Die Frau Marquise? Ja, meine Liebe, offengestanden: ich glaube nicht. Sie dürfen ihr das nicht verübeln. Ich habe die Ehre, die Frau Marquise zu kennen: unsere Güter in der Bretagne und Schloß Larnac, die Residenz der Frau Marquise, sind ja benachbart – deshalb auch die Jugendfreundschaft zwischen Héricourt und dem Grafen. Also: ich kenne die Frau Marquise – eine Dame, der höchsten Achtung wert in jeder Beziehung; – aber – es ist sehr seltsam: in der älteren Linie der Héricourts, der Héricourts schlechtweg – geht eine Ader von Neuerungssucht und Demokratismus – wie sich denn auch Hypolits Vetter Bertram mit einer Rotüriere vermählt hat – während die Drouot d'Héricourts die alten Traditionen immer heiliggehalten haben. Hypolits Vater, wissen Sie, starb unter der Guillotine, ein Opfer der Schreckensherrschaft. Darf man es seiner Witwe – auch wenn sie nicht eine geborene Duchesse Morbihan aus einem Geschlechte wäre, älter als das der Bourbons –-darf man sich wundern, sage ich, daß sie sterben will, wie sie gelebt hat: treu ihrem Gott und ihrem König?
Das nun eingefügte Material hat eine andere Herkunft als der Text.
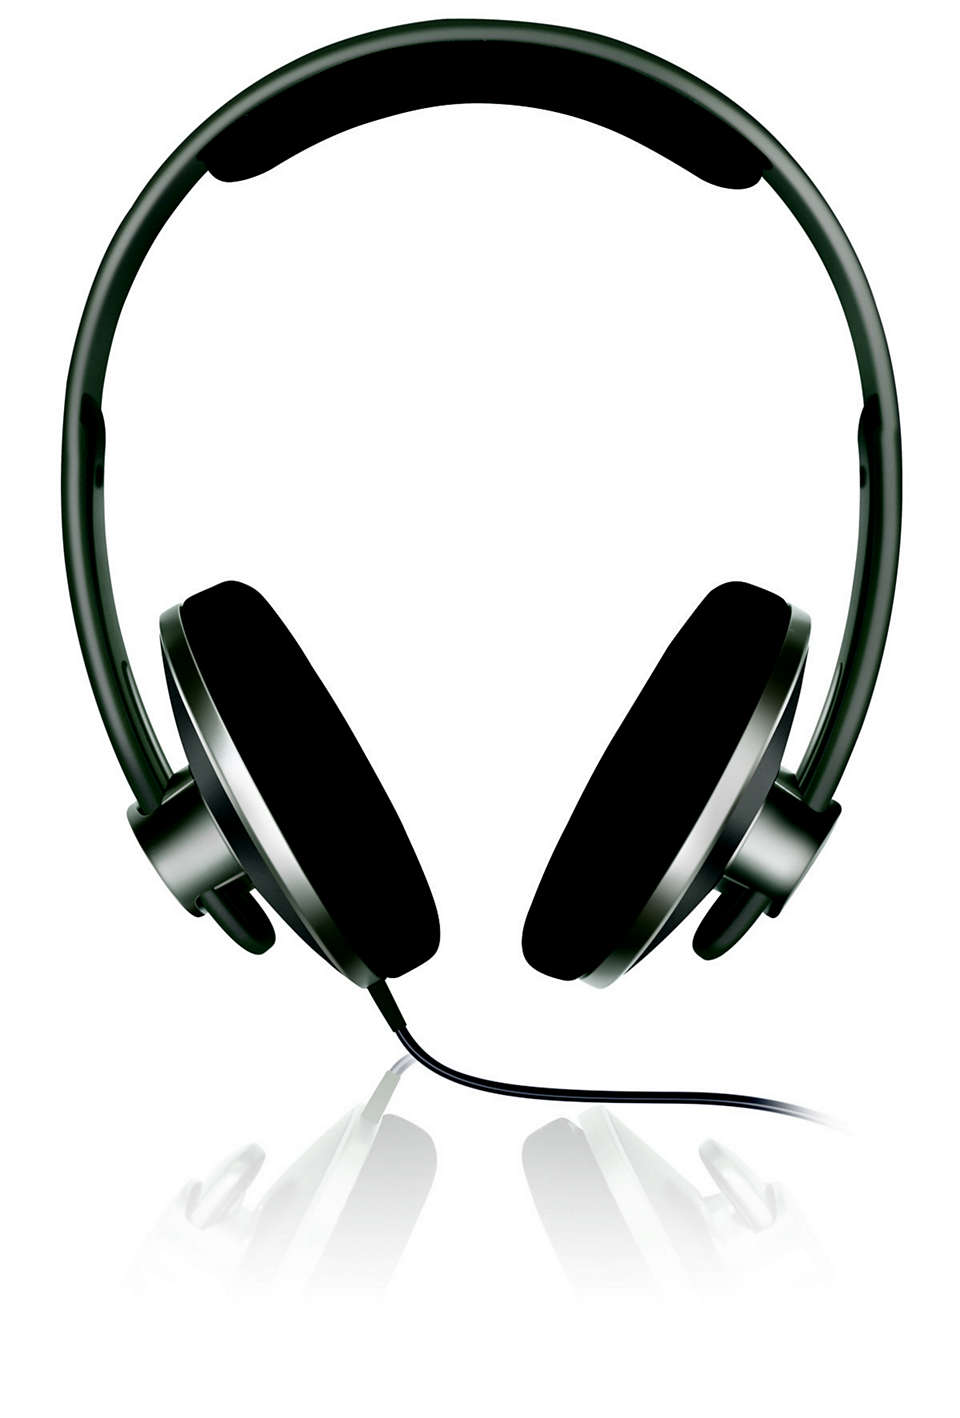 Powerful sound, portable design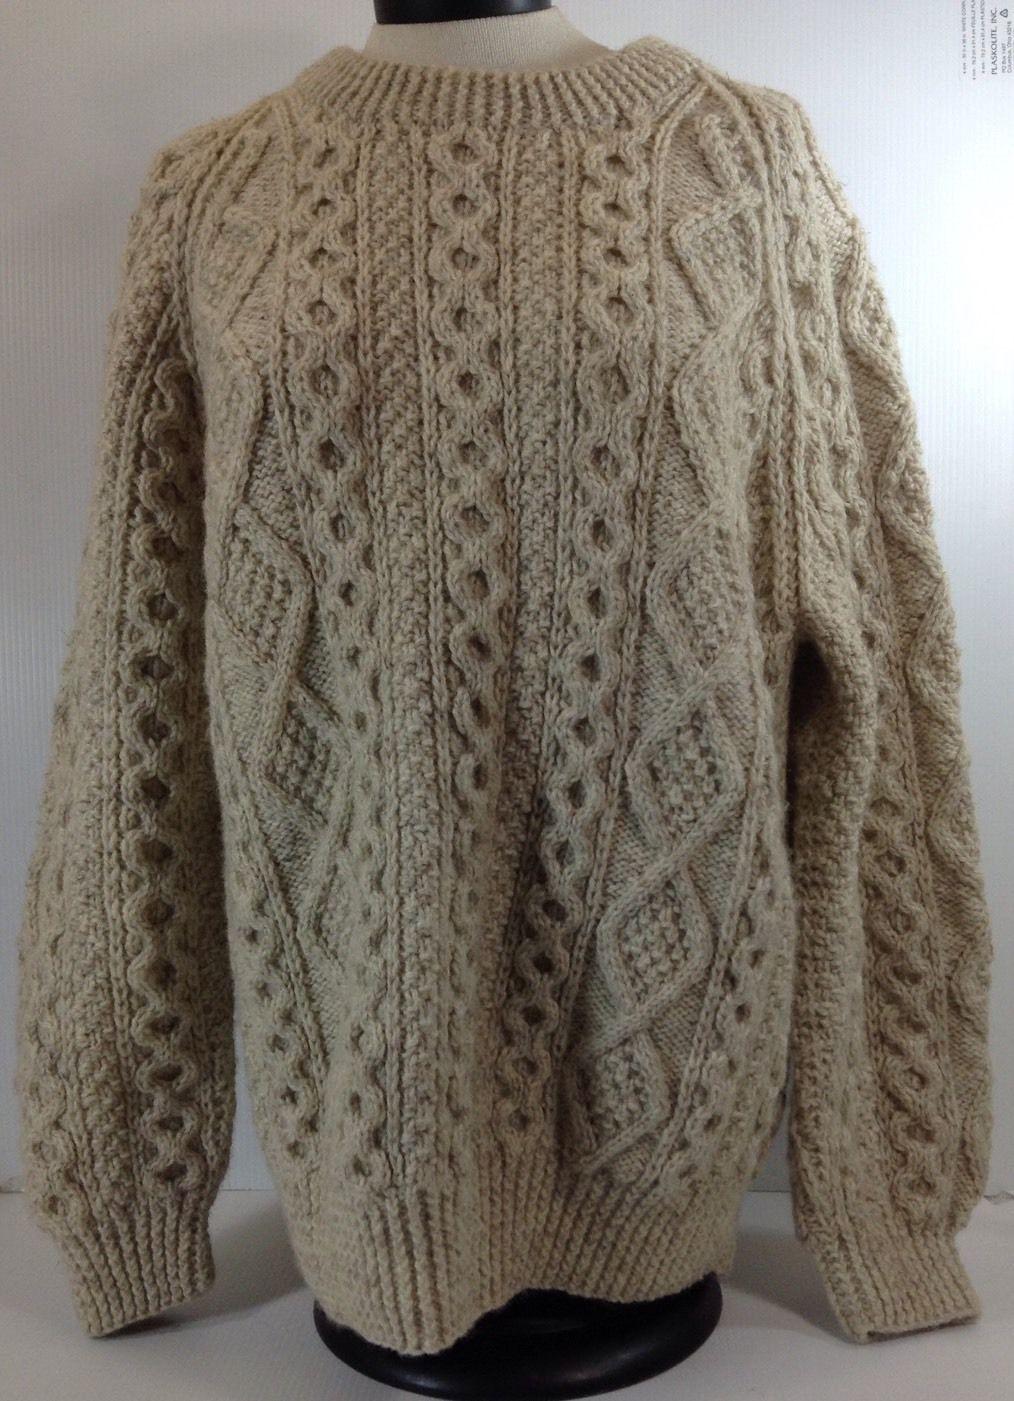 Irish Cable Knit Sweater Patterns : Irish Cable Knit Sweater Handmade Beige Tan Bulky Size XL Robins Gener...

Das heißt, sagte Minna, wenn ich nicht irre: sie wird bei unserer Vermählung nicht nur nicht zugegen sein, sondern auch nie in sie willigen. Und doch sagten Sie vorhin: es liege nur an mir, eine der Ihren zu werden!

Mein Gott, rief die Gräfin, man muß dergleichen nicht buchstäblich nehmen. Man muß eben sehen, was sich machen läßt. Unser alter Adel, ich gebe es zu, ist der stolzeste der Welt; aber auch zugleich der, der dem Kultus der Schönheit und des Geistes am eifrigsten huldigt. Nun, meine Liebe – ohne Ihnen schmeicheln zu wollen – es müßte seltsam zugehen, wenn Sie sich mit Ihrer Schönheit und Ihrem Geiste diese stolze Welt nicht erobern sollten. Haben Sie doch uns bereits erobert, den Grafen und mich, und dürfen wir uns doch rühmen, in dieser Welt nicht die Letzten zu sein! Aber nun, den Kopf in die Höhe, meine Liebe! Ich höre unsere Herren kommen. Wir dürfen ihnen keine verweinten Augen zeigen.

Sie nahm ihr Taschentuch, das sie Minna schnell ein paarmal auf die Augen drückte, während Fifine von ihrem Schoße herab den Herren, die zur Tür hereintraten, bellend entgegensprang.